··· Provided material ···

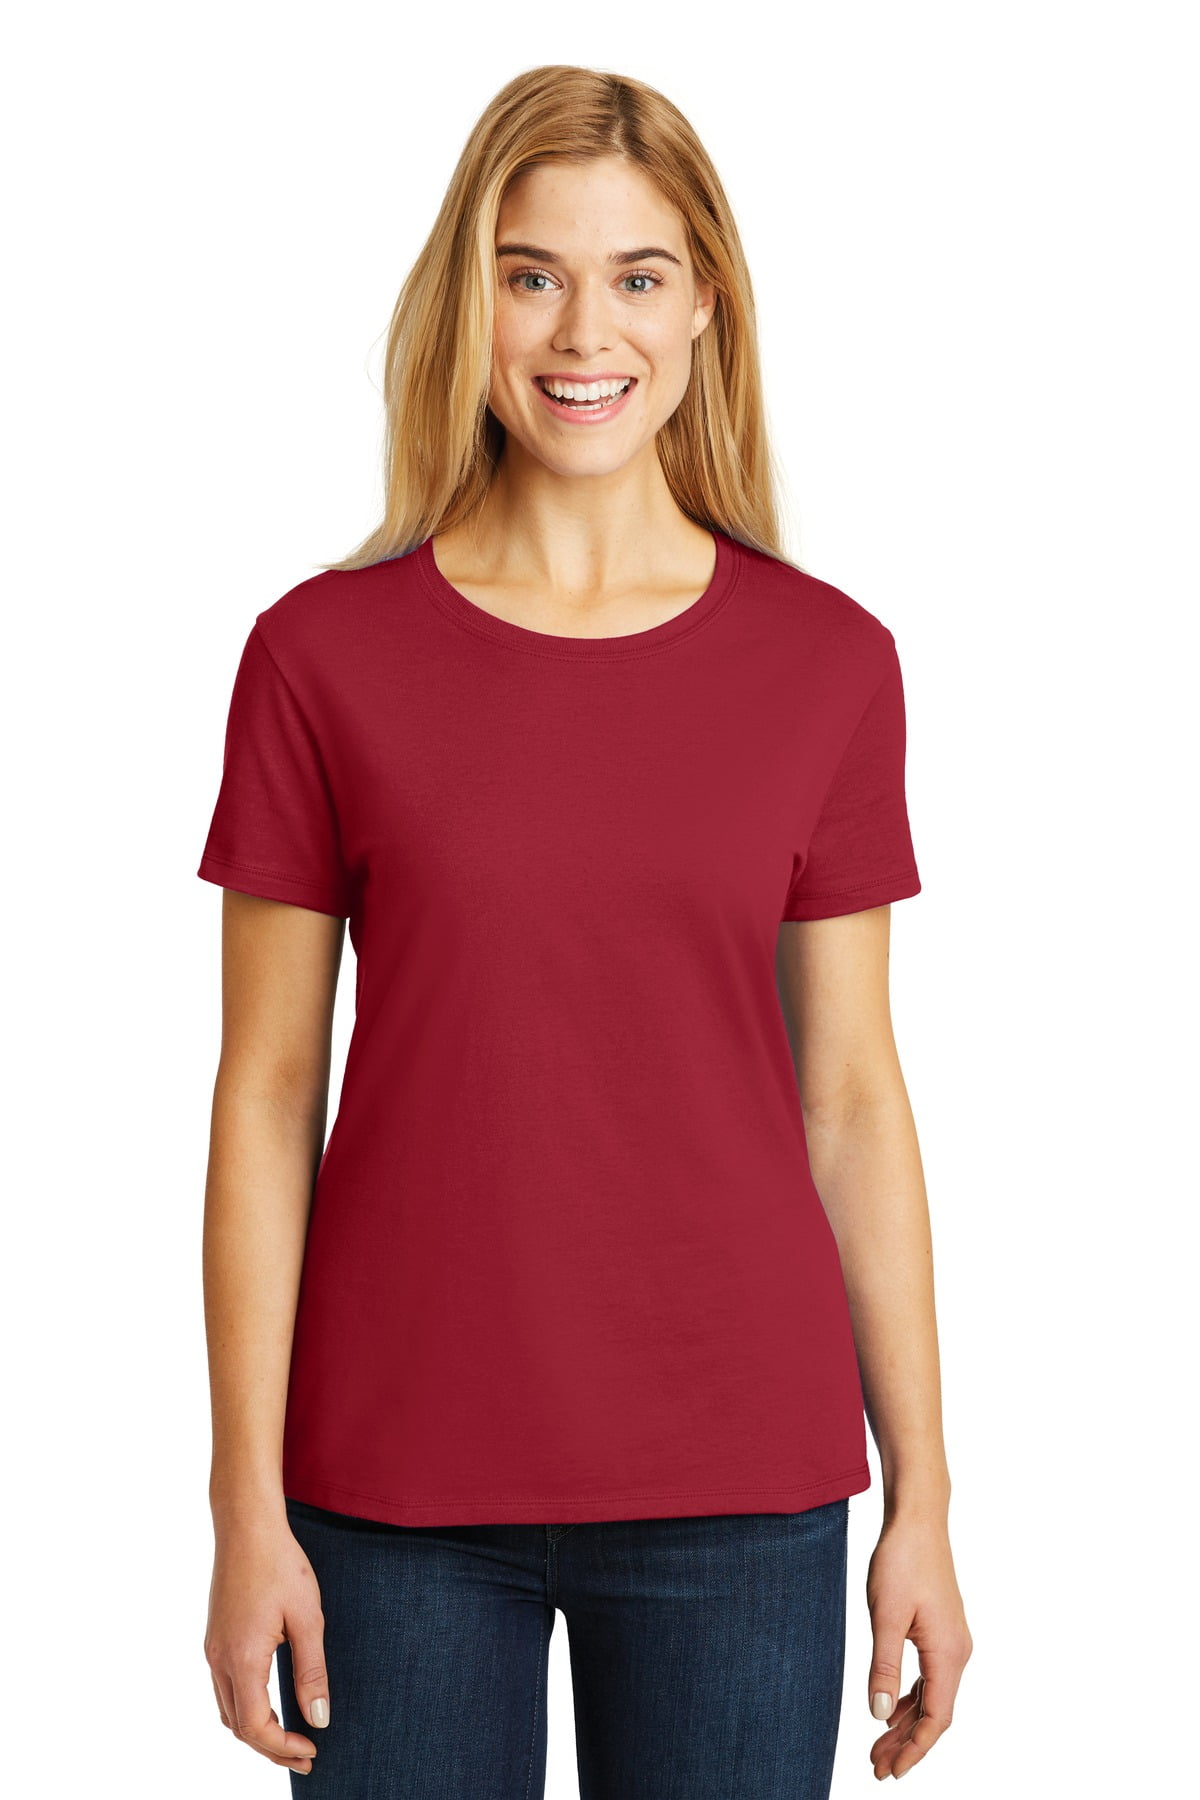 Hanes Ladies Nano-T Cotton T-Shirt - Walmart.com
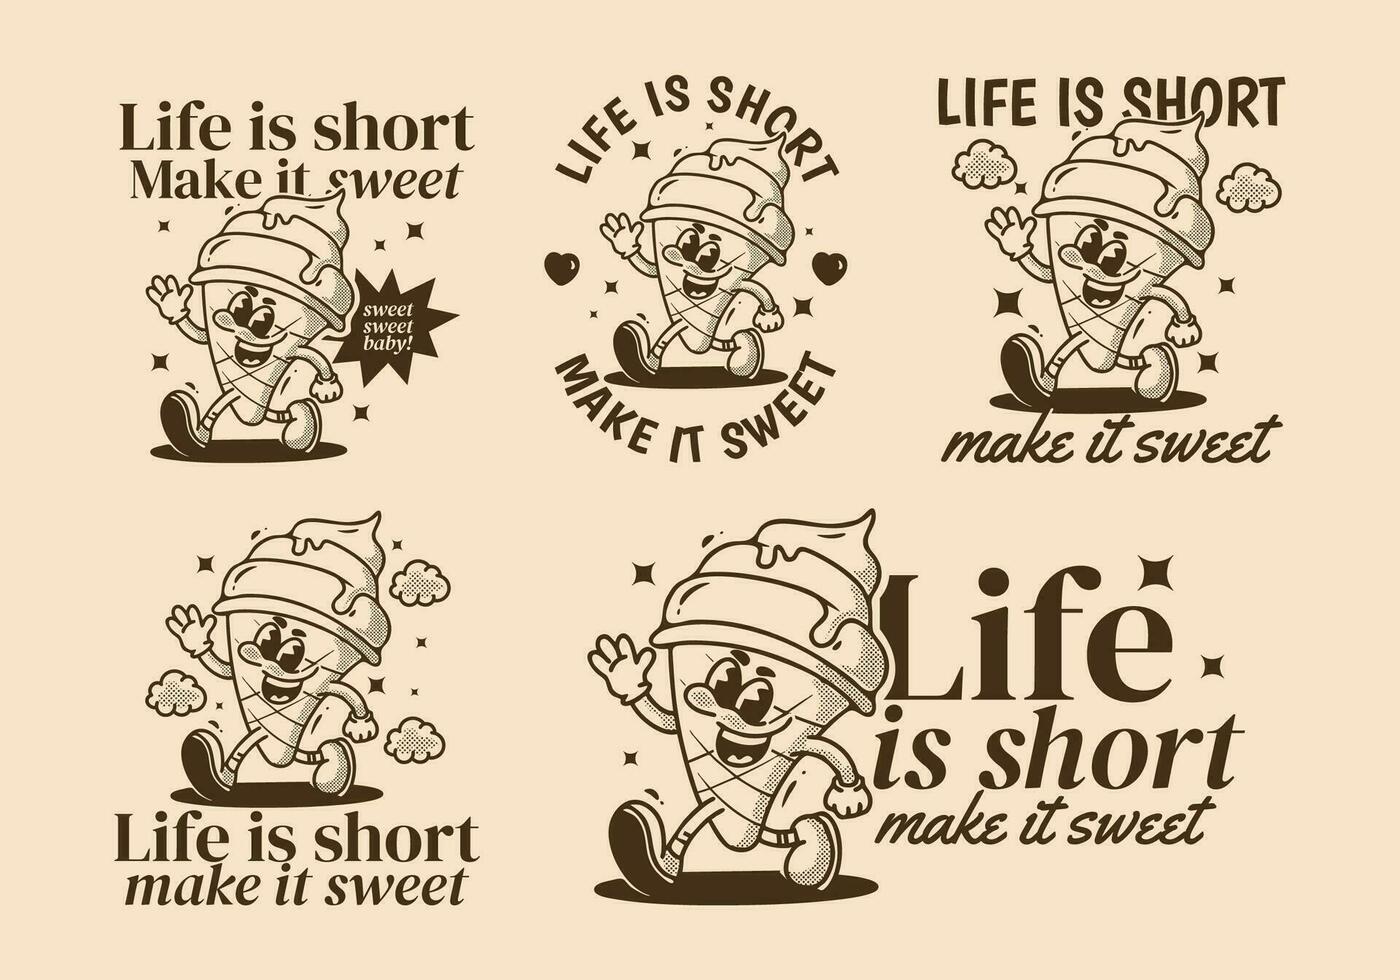 vida es corto, hacer eso dulce. mascota personaje ilustración de caminando hielo crema vector
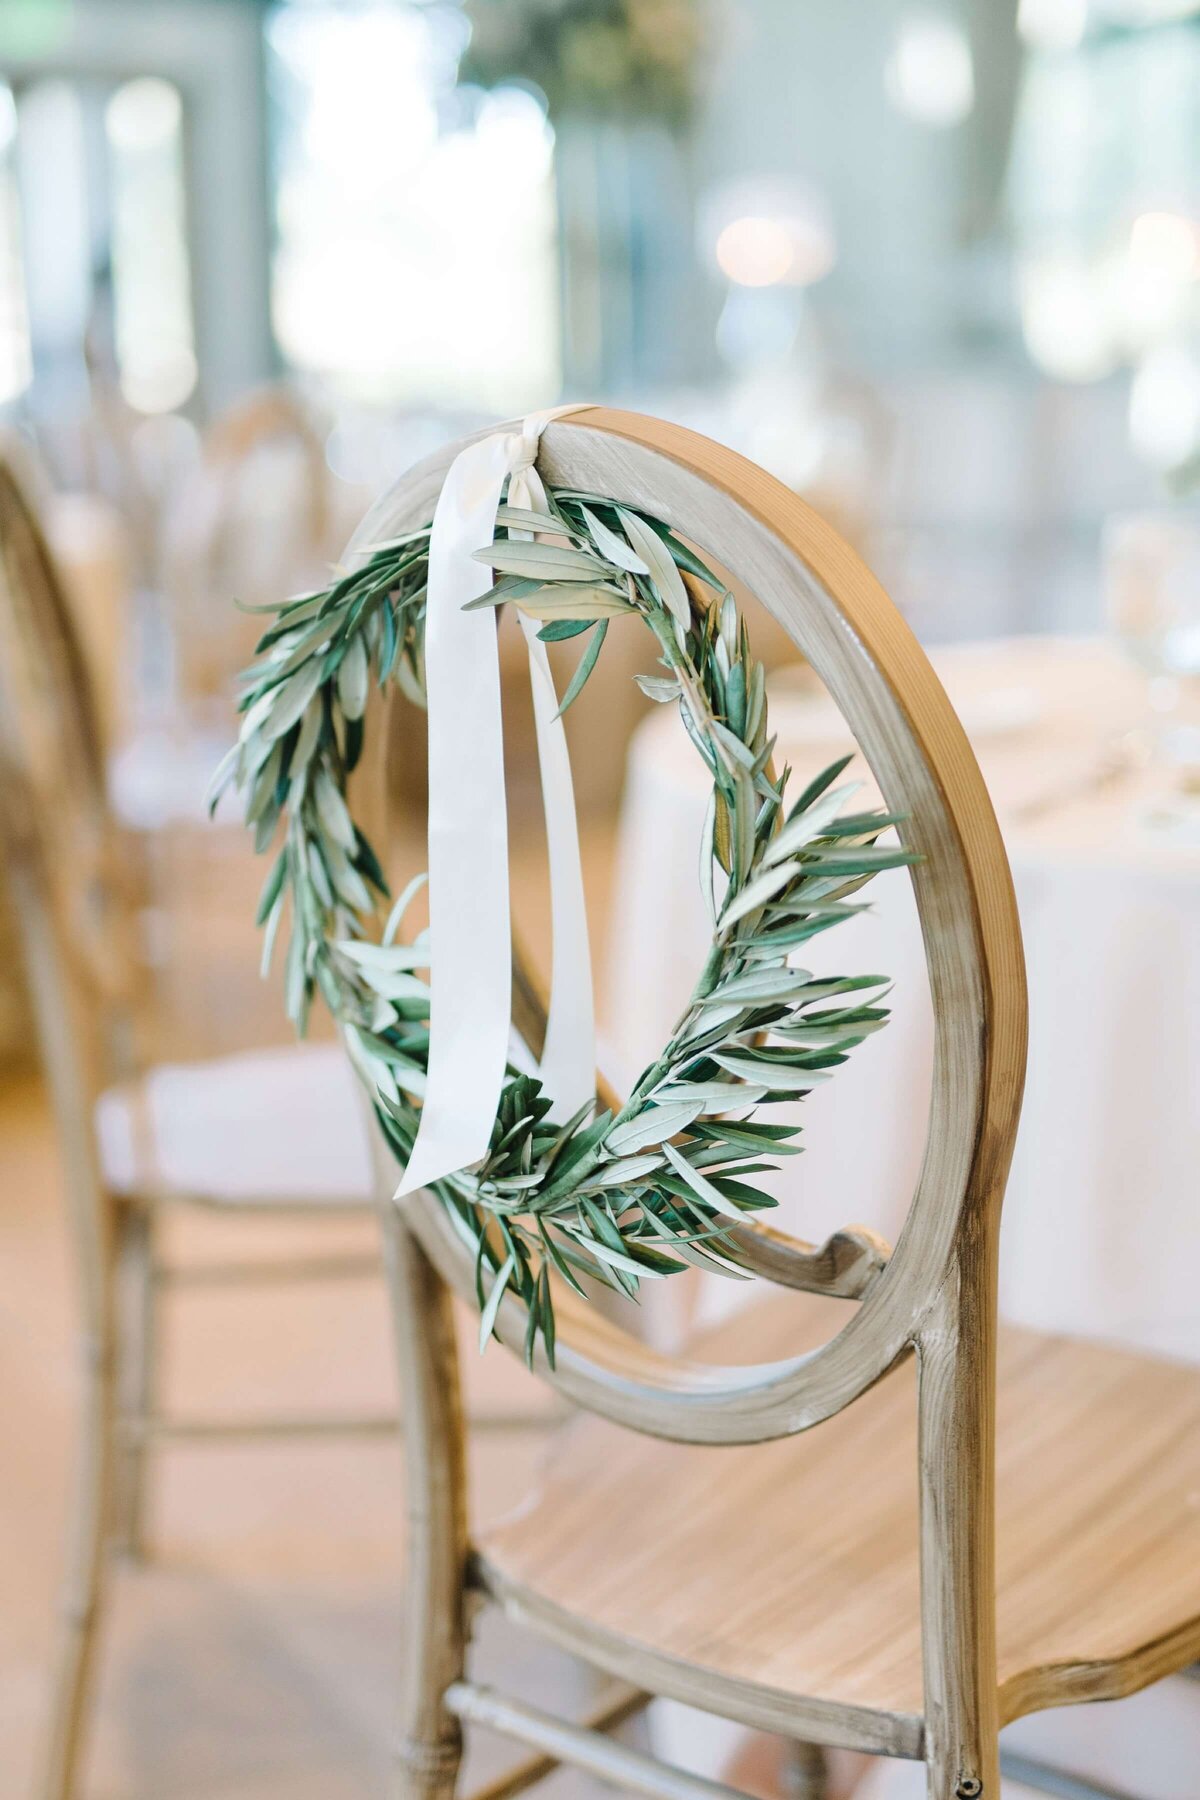 green wreath on wedding reception chair
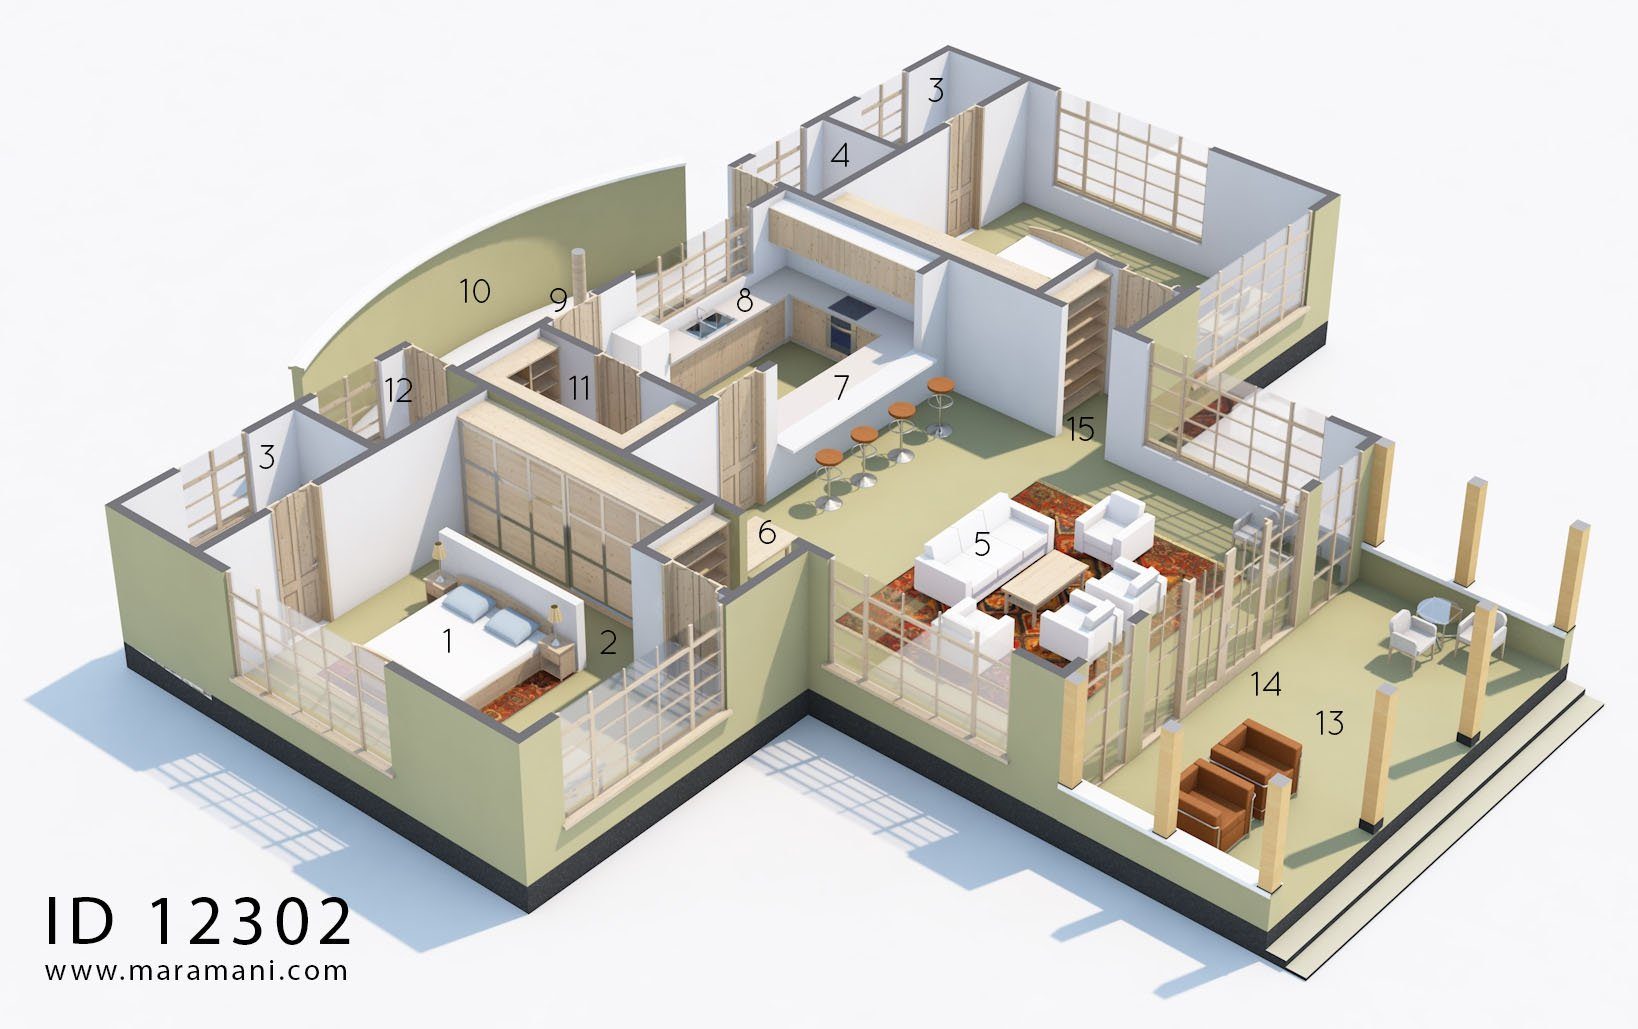 2 Bedroom House Plans Open Floor Plan - Id 12302

···

◆ **Task objective**:
Copy all the material above exactly, but skip each image.

◆ **Exercise response**:
 Hanes Ladies Nano-T Cotton T-Shirt - Walmart.com
 vida es corto, hacer eso dulce. mascota personaje ilustración de caminando hielo crema vector
 green wreath on wedding reception chair
 2 Bedroom House Plans Open Floor Plan - Id 12302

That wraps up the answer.